In much of my foregoing discussion, the First World War has been present in the background. It brought the crowd to the fore because what was seen to be required for victory was mass-mobilisation. It was partly because of the war’s influence, and the interest in how populations behave in wartime, that two of the major works of British crowd-science that I’ve mentioned, Trotter’s Instincts of the Herd in Peace and War and Conway’s The Crowd in Peace and War came to be published and widely discussed.6

The outcome of the Second World War, though, would make crowds irrelevant.
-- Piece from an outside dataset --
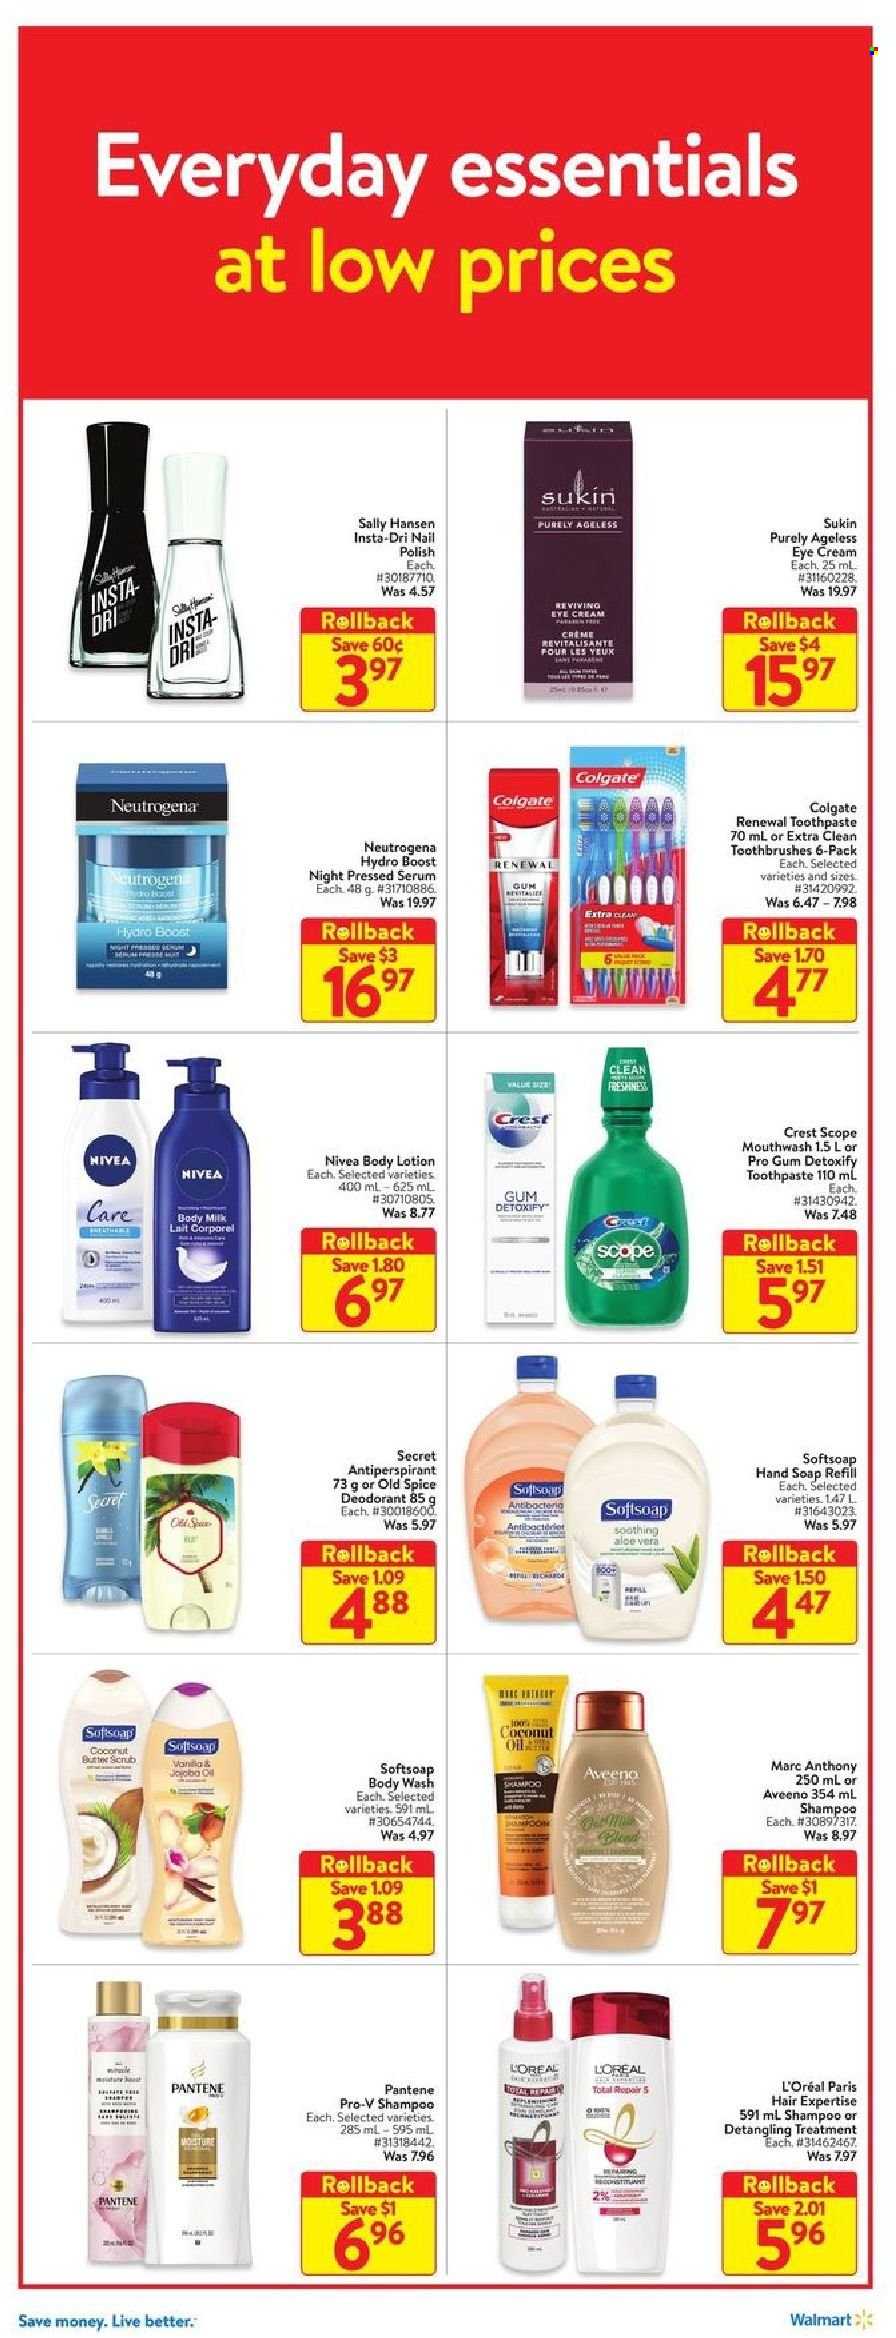 thumbnail - Walmart Flyer - October 07, 2021 - October 13, 2021 - Sales products - spice, coconut oil, oil, Boost, L'Or, Aveeno, body wash, Softsoap, hand soap, soap, toothpaste, mouthwash, Crest, L’Oréal, serum, eye cream, Sukin, body lotion, body milk, anti-perspirant, polish, scope, Colgate, Neutrogena, Sally Hansen, shampoo, Pantene, Nivea, Old Spice. Page 10.

In the immediate aftermath of Hiroshima, and in the light of the testing of the first successful hydrogen bomb in 1952, it was apparent that you just didn’t need to bring huge crowds of soldiers with fixed bayonets face to face any more:7 the new atomic weapons could be delivered initially by a few men in a b-29, and then, as rocket technology developed, by a small team of experts in a silo on another continent. The bomb made crowds vanish, metaphorically by alleviating the need for massive standing armies, and literally as a weapon of mass destruction. In the U.S., the House Committee on Postwar Military Policy had concluded in 1945 that,

if an army was necessary…it would be better to recruit a small volunteer force, and better still if the country used its defence dollars to raise a professional army of scientists, rather than conscripts, and to fund a comprehensive program of research and development in the technology of modern war.8

In this light, the Zone Herero’s attachment to the 00000-series rocket bomb as a final zero to a collective history fully lived has obvious appeal. The rocket stands for absence of people, just as Lewis’s war-crowd had stood as a poignant symbol of their contingent plenitude.

After the end of Le Bon’s era of crowds, then, where do we go? In the remainder of this section, I intend to examine one final brief example of dying crowd art; I shall end by speculating on where, in the 21st century, crowd art may be heading.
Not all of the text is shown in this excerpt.